WHAT YOU ARE ASKED TO DO
When you reach the line containing "The Chinese Imari", please repeat it and every line after it exactly, through the end of the listing below, skipping pictures.

DATA BLOCK
*** Block opens ***

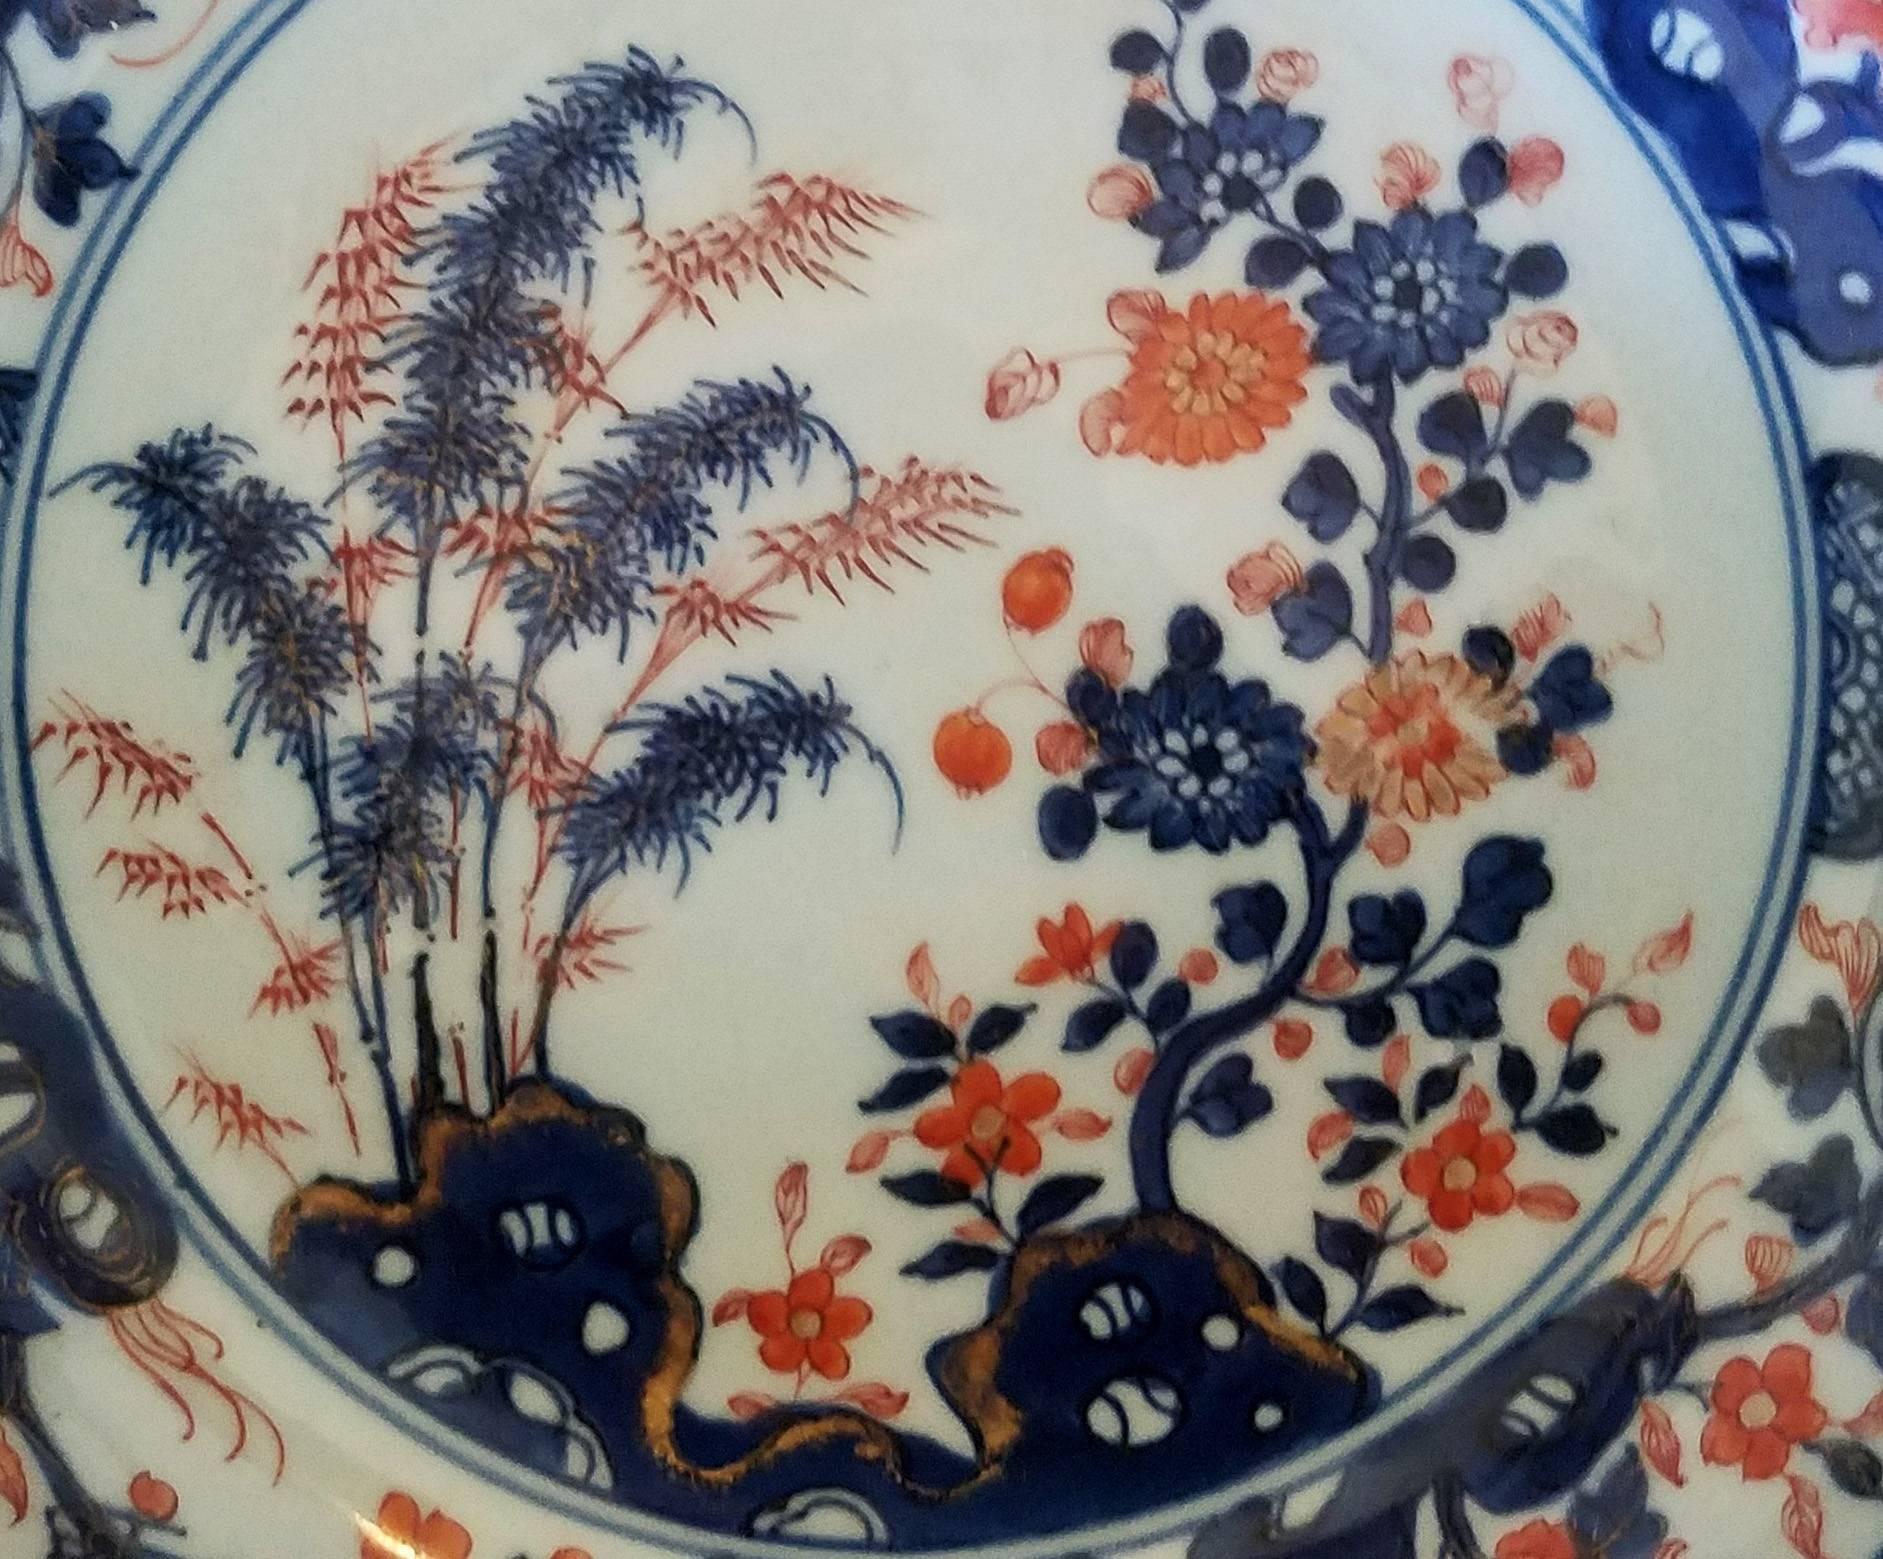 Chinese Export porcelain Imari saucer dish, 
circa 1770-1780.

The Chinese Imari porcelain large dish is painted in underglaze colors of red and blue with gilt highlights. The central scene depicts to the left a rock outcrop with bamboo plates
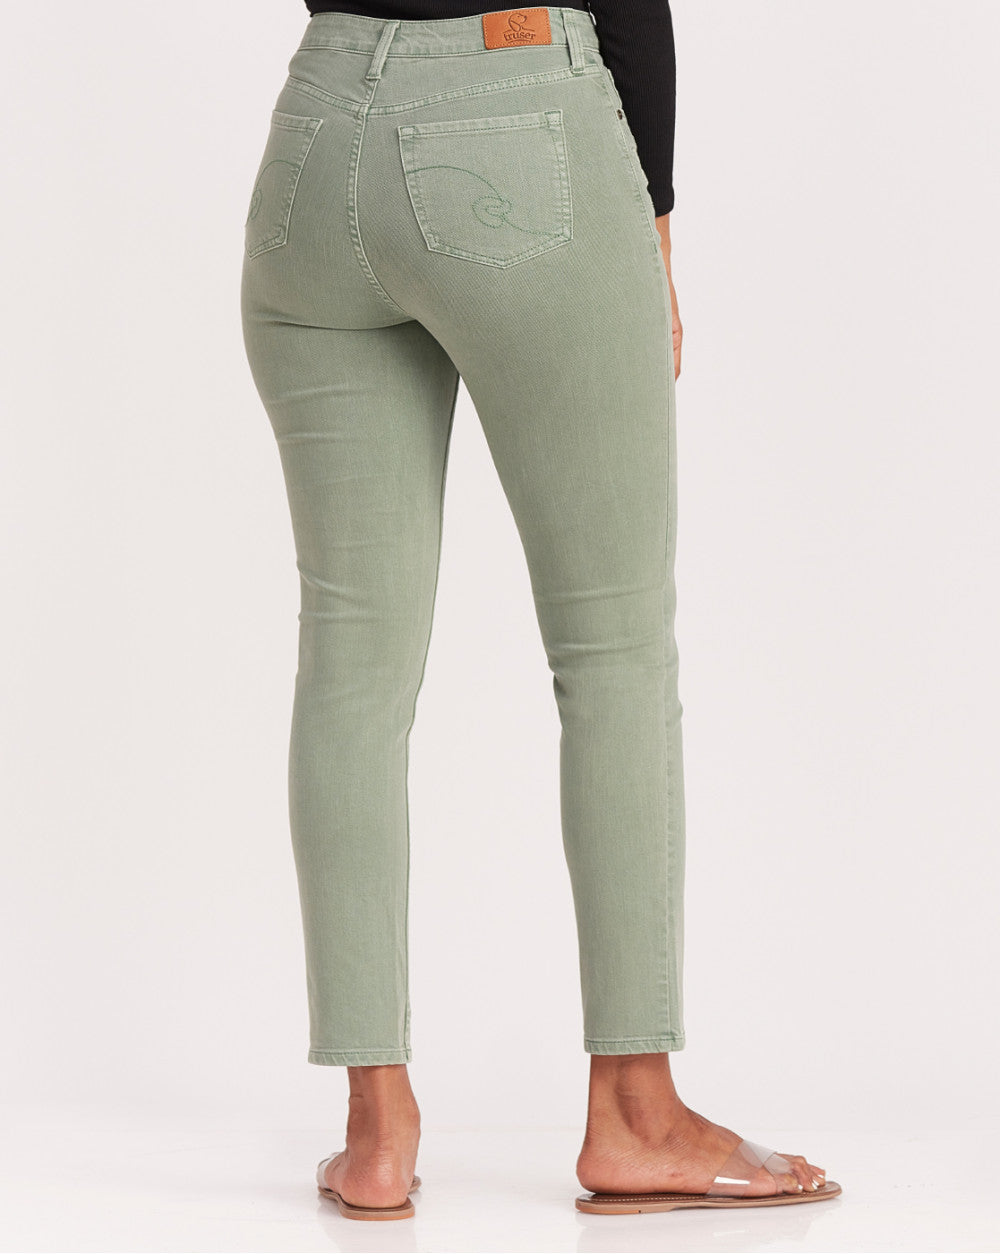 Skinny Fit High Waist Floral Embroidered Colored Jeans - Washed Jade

*** Block closes ***

RESPONSE
The Chinese Imari porcelain large dish is painted in underglaze colors of red and blue with gilt highlights. The central scene depicts to the left a rock outcrop with bamboo plates
 Skinny Fit High Waist Floral Embroidered Colored Jeans - Washed Jade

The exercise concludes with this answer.